由于隐私-准确度权衡度高，在原始玉米光谱上实现强隐私保证（即 $\epsilon \leq 1$）是困难的。

### 光谱预处理对隐私-准确度权衡的影响

In [None]:
# 创建预处理过的数据集
airpls = AirPls()                                                           # 基线校正
X_airpls = airpls.fit_transform(X)

msc = MultiplicativeScatterCorrection()                                     # 乘性散射校正
X_msc = msc.fit_transform(X)

sg = SavitzkyGolay(window_size=25, polynomial_order=2, derivate_order=2)    # Savitzky-Golay 二阶导数
X_sg = sg.fit_transform(X)

datasets = {'AirPLS': X_airpls, 'MSC': X_msc, 'SG': X_sg}

# 定义重复次数
num_repetitions = 10

eps = [0.1, 1, 1.5, 2, 5, 10]
delta = 0.05
ncomps = 7

plt.figure(figsize=(12, 3))
plt.subplot(131)

for dataset_name, X_transformed in datasets.items():
    # 初始化存储结果的数组
    rmsep_results = np.zeros((num_repetitions, len(eps)))

    # 重复实验 10 次
    for rep in range(num_repetitions):
        
        # 将数据分割为训练集和测试集
        X_train, X_test, y_train, y_test = train_test_split(X_transformed, y, test_size=0.3)

        RMSEP = []
        for i, epsilon in enumerate(eps):
            m = EDPLS(ncomps, epsilon=epsilon, delta=delta)
            m.fit(X_train, y_train)

            # 计算 RMSEP
            ypred = m.predict(X_test)
            rmsep = np.sqrt(rmse(y_test, ypred))
            RMSEP.append(rmsep)

        # 存储本次重复的结果
        rmsep_results[rep, :] = RMSEP

# 计算均值和标准误差
    rmsep_mean = np.mean(rmsep_results, axis=0)
    rmsep_std = np.std(rmsep_results, axis=0) / np.sqrt(num_repetitions)

    # 绘制结果
    default_colors = plt.rcParams['axes.prop_cycle'].by_key()['color']
    blue = default_colors[0]
    orange = default_colors[1]

    # 绘制 RMSEP
    r = plt.errorbar(eps, rmsep_mean, yerr=rmsep_std, fmt="o-", capsize=5, label=dataset_name, mec='k')

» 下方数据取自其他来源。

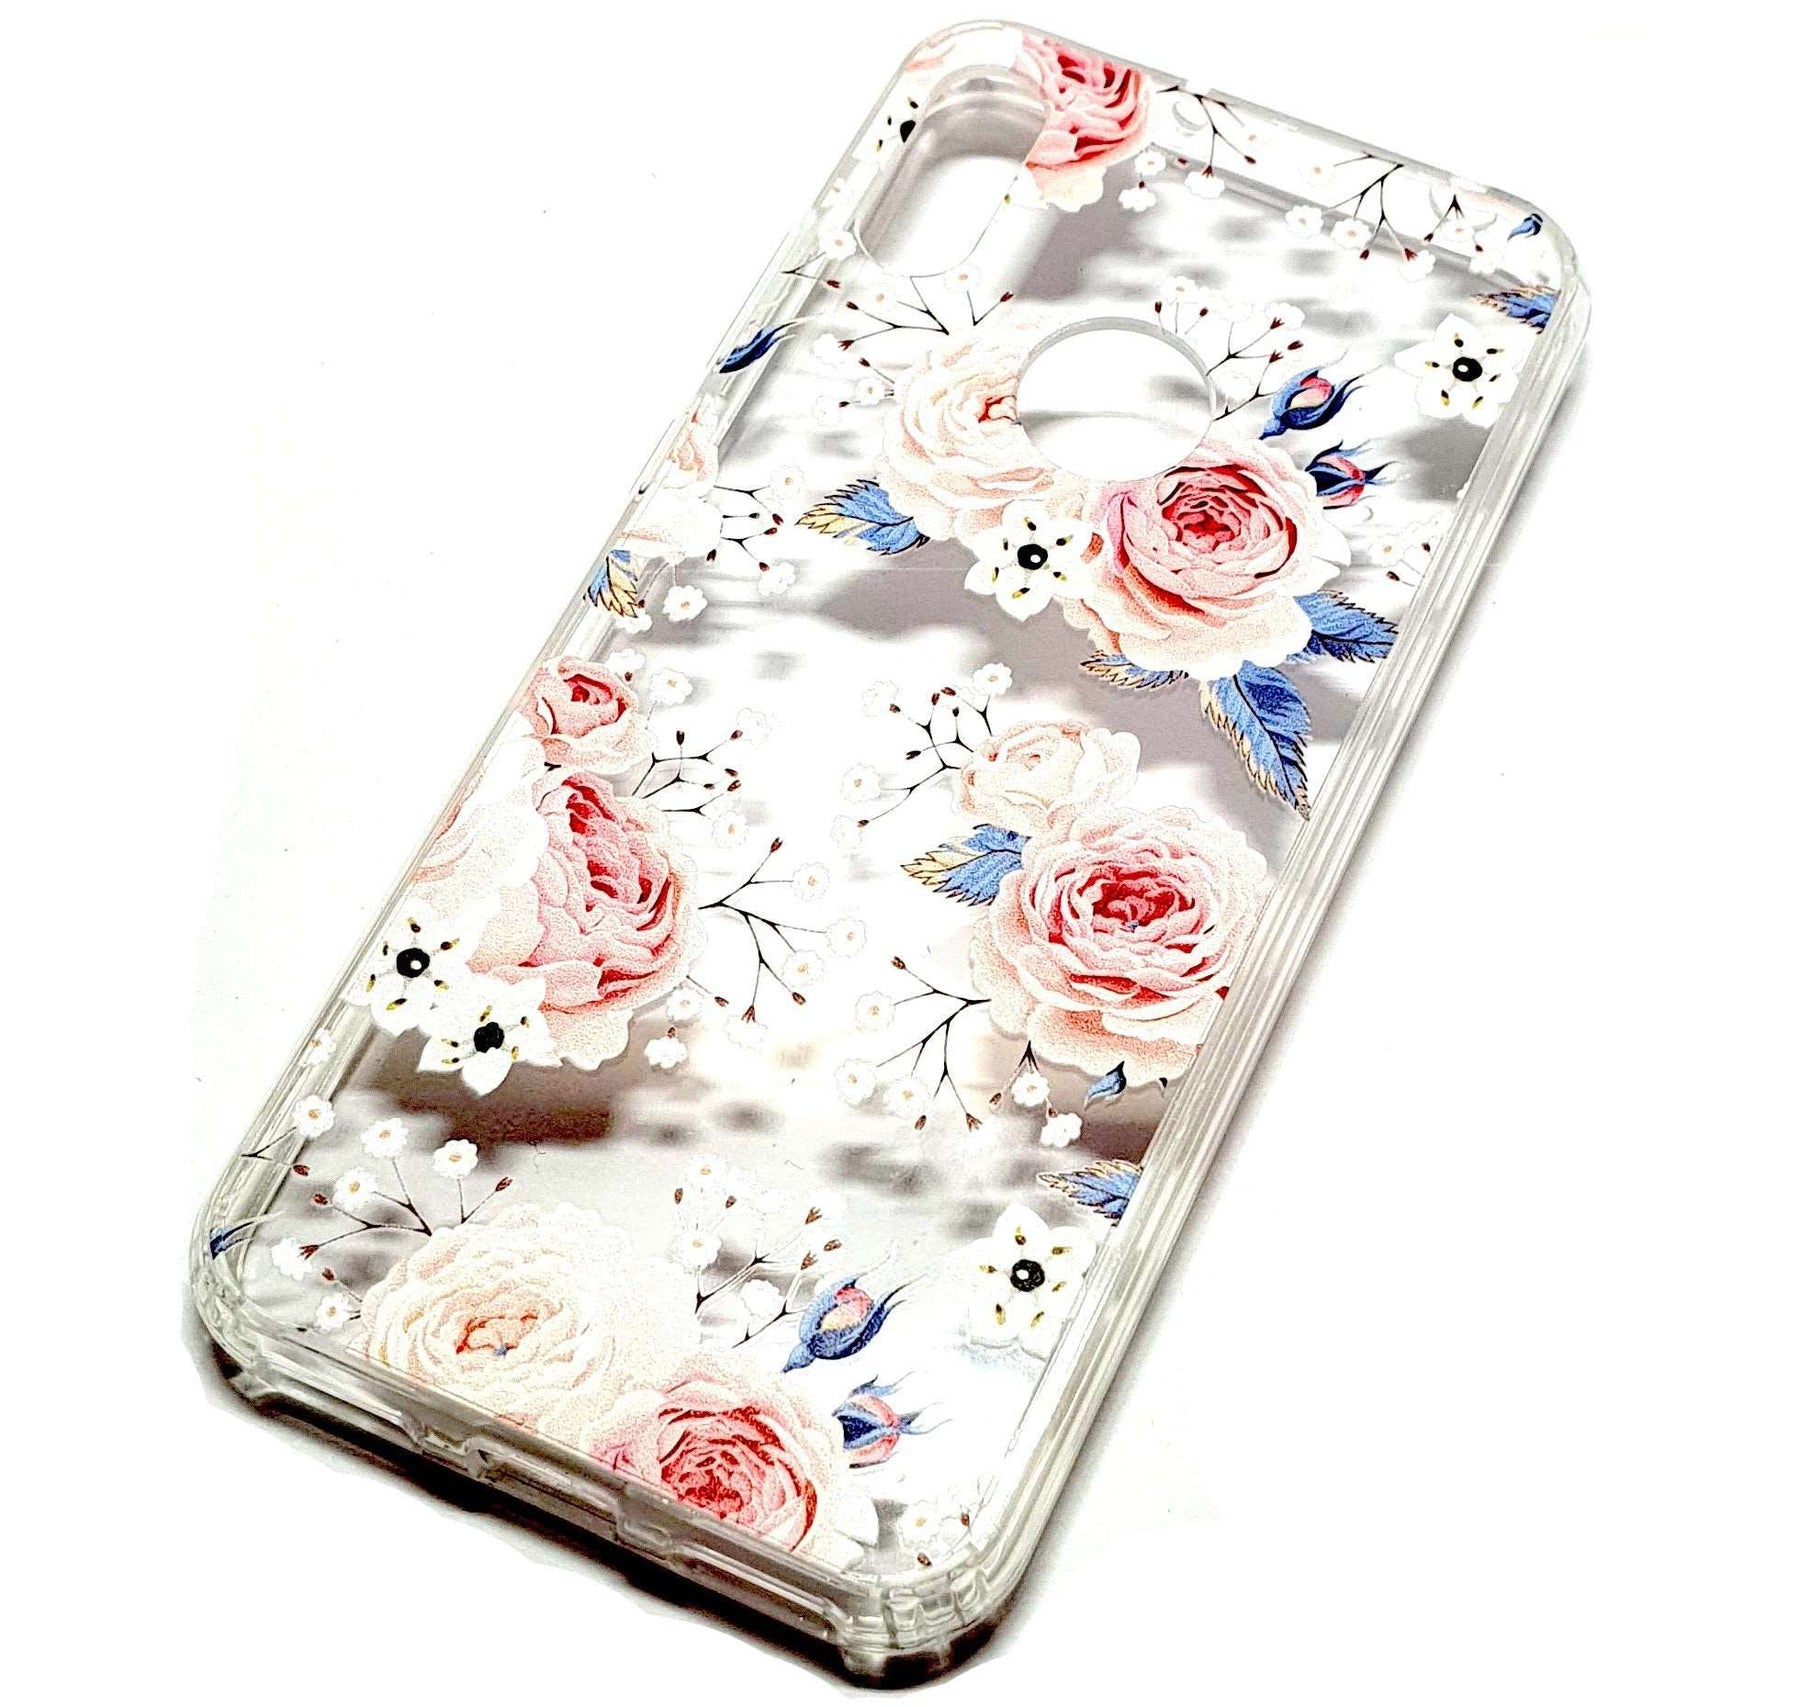 Huawei Y6 2019 decorative clear transparent phone case roses

plt.xlabel('隐私损失 $\epsilon$')
plt.ylabel('RMSEP')
plt.title('RMSEP vs. $\epsilon$')
plt.semilogx()
plt.semilogy()
plt.title('准确度-隐私权衡')
plt.legend()

# 为所有数据集在 epsilon=1 下进行 GridSearchCV
plt.subplot(132)

epsilon=1

results = {}
model = EDPLS(8, epsilon=2, delta=delta)

# 定义参数网格
param_grid = {
    'A': np.arange(1, 15)
}

# 循环遍历数据集
for dataset_name, X_transformed in datasets.items():

    # 将数据分割为训练集和测试集
    X_train, X_test, y_train, y_test = train_test_split(X_transformed, y, test_size=0.3)

    # 使用当前 epsilon 初始化模型
    model = EDPLS(8, epsilon=epsilon, delta=delta)

    # 定义 GridSearchCV 对象
    gs = GridSearchCV(model, param_grid, cv=10, scoring='neg_root_mean_squared_error')

    # 拟合模型
    gs.fit(X_train, y_train)

    # 存储结果
    results[(dataset_name)] = {
        'param_A': gs.cv_results_['param_A'],
        'mean_test_score': gs.cv_results_['mean_test_score'],
        'std_test_score': gs.cv_results_['std_test_score']
}

# 绘制结果
for dataset_name in datasets.keys():

    mean_rmse = np.sqrt(-results[(dataset_name)]['mean_test_score'])
    std_rmse = results[(dataset_name)]['std_test_score']
    plt.plot(results[(dataset_name)]['param_A'], mean_rmse, 'o-', label=f'{dataset_name}', mec='k')

plt.xlabel('组件数量')
plt.ylabel('RMSECV')
plt.semilogy()
plt.title('RMSECV vs. 潜变量数量')
plt.legend(loc='upper right')


# 为 SG 数据集在 epsilon = 5 和最佳 LVs 数量下绘制测量值 vs 预测值
plt.subplot(133)

epsilon = 1
ncomps = int(np.argmin(-results['SG']['mean_test_score']) + 1)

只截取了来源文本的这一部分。